Logging and Monitoring¶
Comprehensive logging and monitoring setup for A2A Registry deployments.
Logging Configuration¶
Server Logging¶
A2A Registry uses Python's standard logging module with configurable levels:
# Start server with different log levels
a2a-registry serve --log-level DEBUG # Detailed debug information
a2a-registry serve --log-level INFO # Standard information (default)
a2a-registry serve --log-level WARNING # Warnings and errors only
a2a-registry serve --log-level ERROR # Errors only
Structured Logging¶
Configure structured JSON logging for production:
import logging
import json
from datetime import datetime
class JSONFormatter(logging.Formatter):
def format(self, record):
log_entry = {
"timestamp": datetime.utcnow().isoformat(),
"level": record.levelname,
"logger": record.name,
"message": record.getMessage(),
"module": record.module,
"function": record.funcName,
"line": record.lineno
}
# Add extra fields if present
if hasattr(record, 'agent_id'):
log_entry['agent_id'] = record.agent_id
if hasattr(record, 'request_id'):
log_entry['request_id'] = record.request_id
if hasattr(record, 'duration'):
log_entry['duration'] = record.duration
return json.dumps(log_entry)
# Configure logging
def setup_logging():
handler = logging.StreamHandler()
handler.setFormatter(JSONFormatter())
logger = logging.getLogger("a2a_registry")

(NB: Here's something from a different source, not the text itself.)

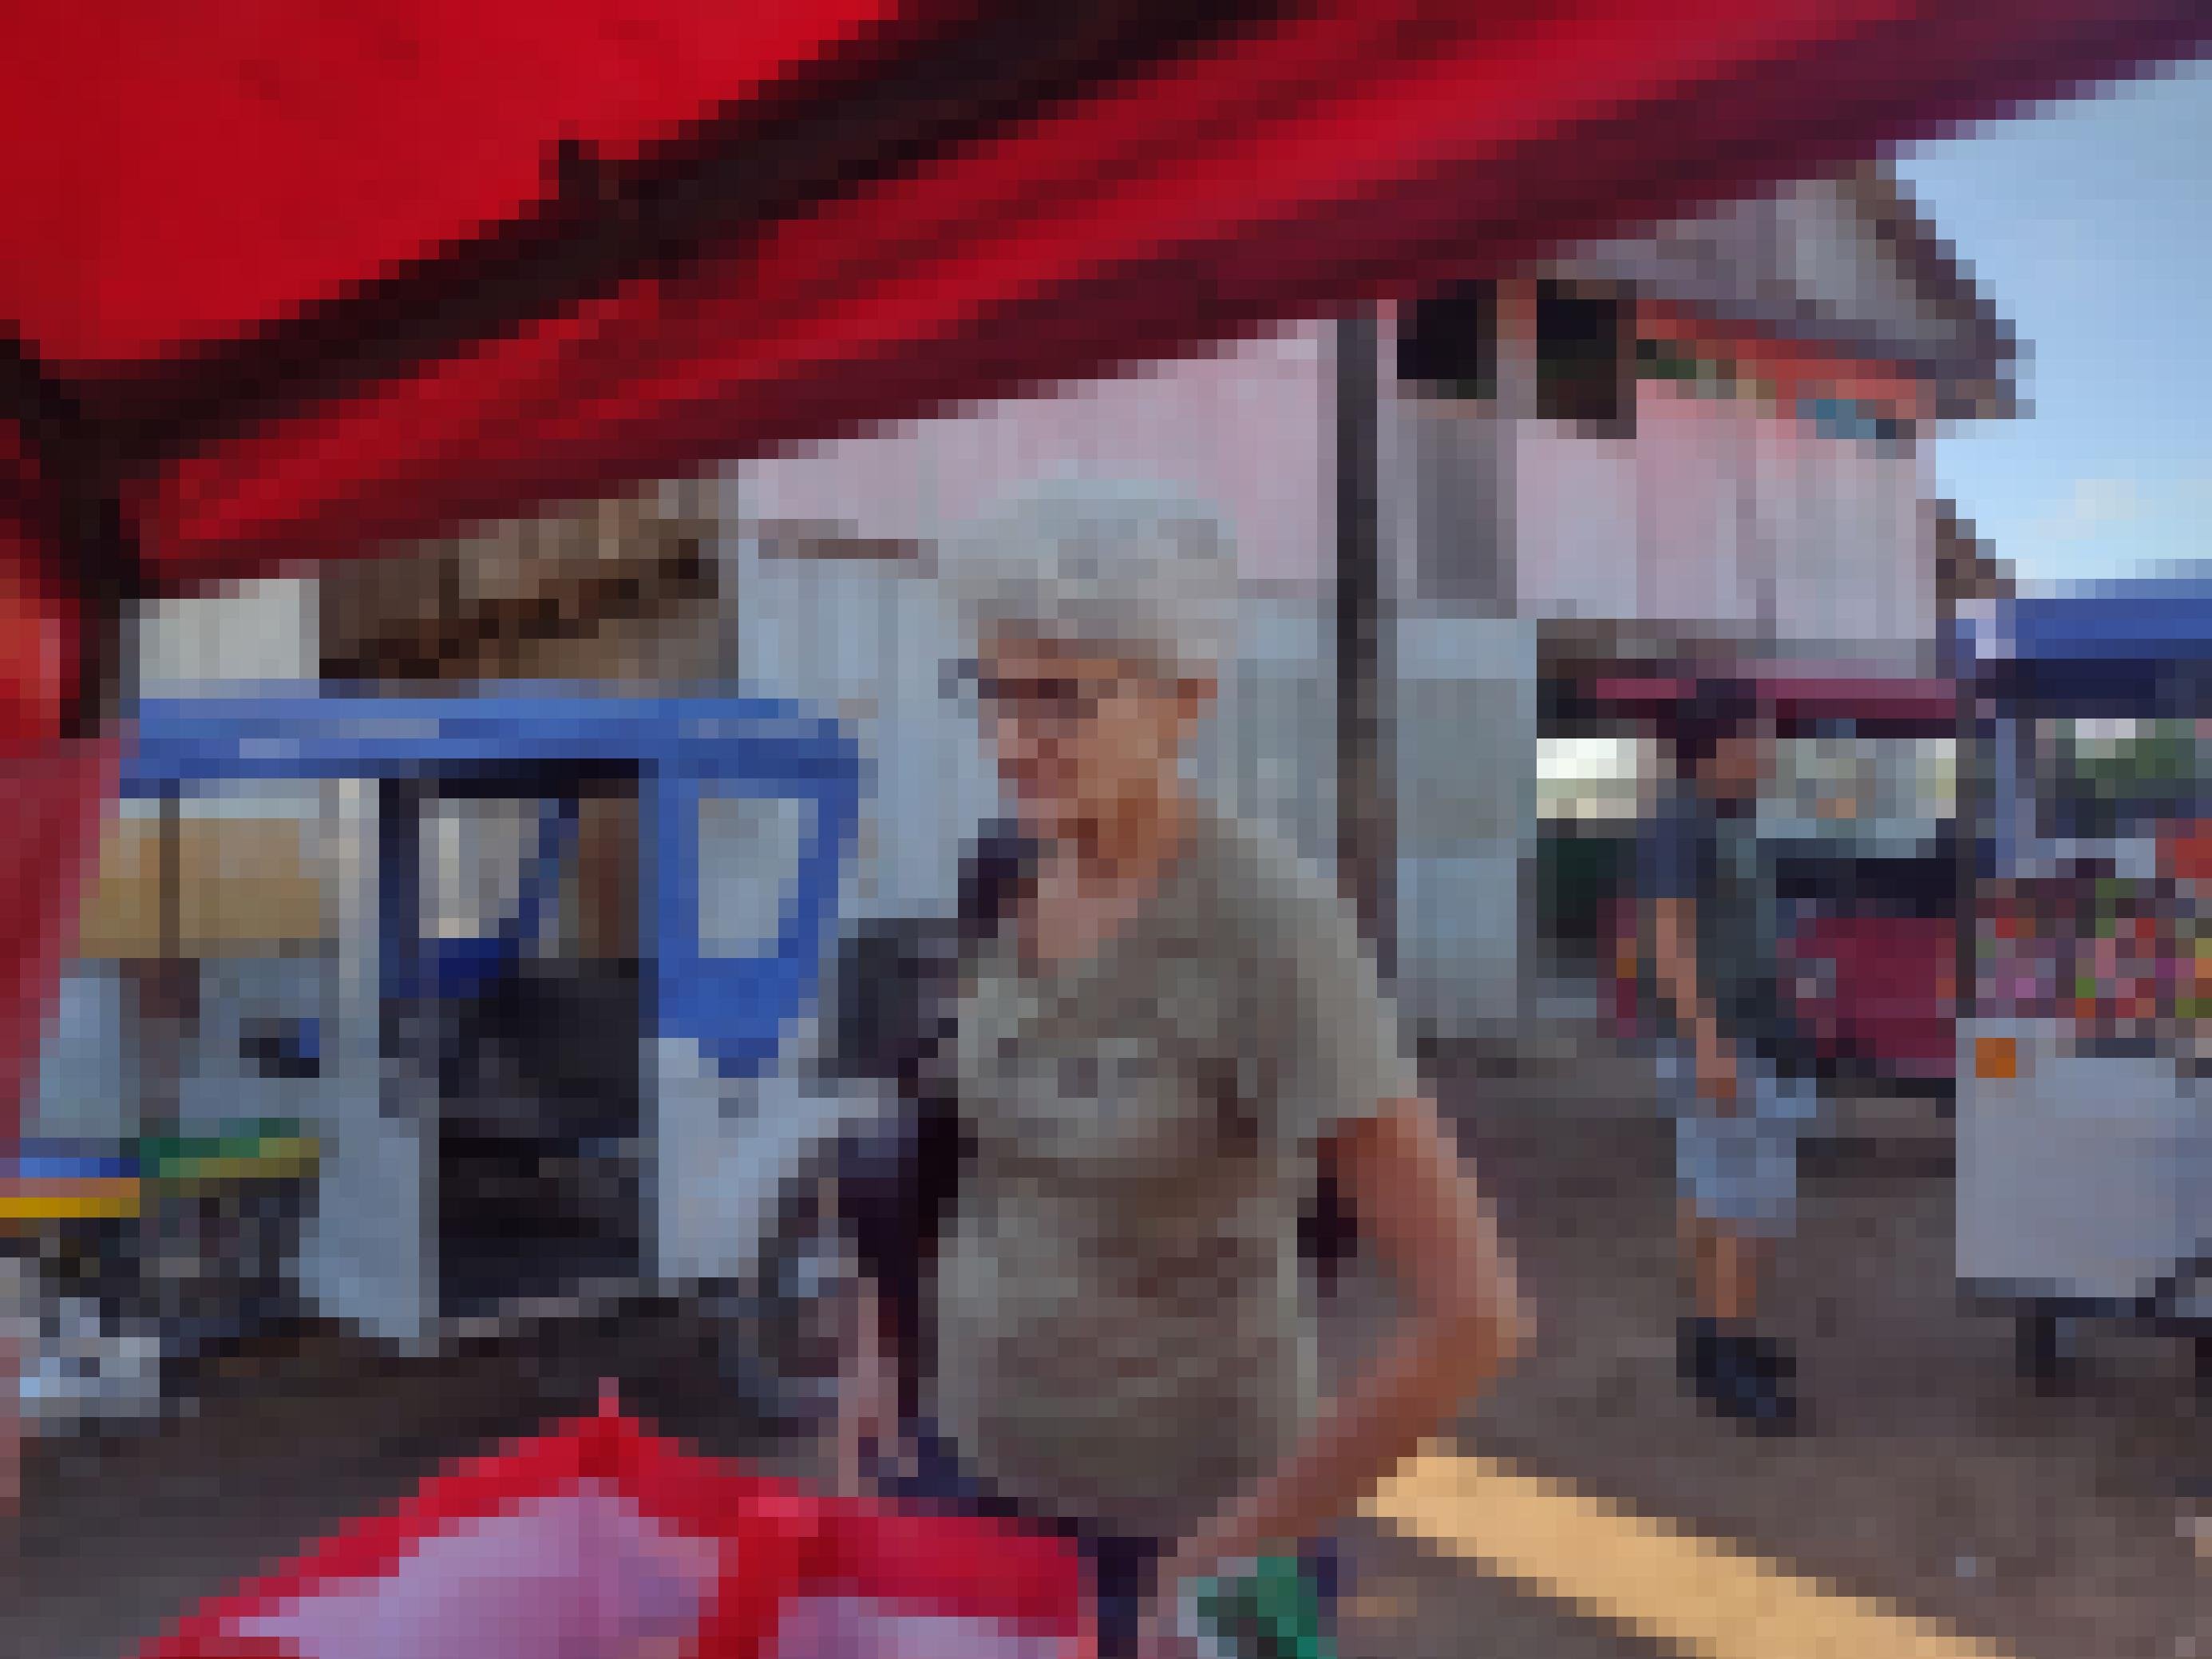 Mehrere Tuktuks. Frau mit weissen kurzen Haaren und Brille steht hinter einem Tuktuk und schaut auf eine Tasche vor ihr.

logger.setLevel(logging.INFO)
logger.addHandler(handler)
return logger
logger = setup_logging()
Application Logging¶
Add detailed logging to registry operations:
import logging
import time
from functools import wraps
logger = logging.getLogger("a2a_registry.storage")
def log_operation(operation_name: str):
"""Decorator to log storage operations"""
def decorator(func):
@wraps(func)
async def wrapper(*args, **kwargs):
start_time = time.time()
agent_id = kwargs.get('agent_id', args[1] if len(args) > 1 else 'unknown')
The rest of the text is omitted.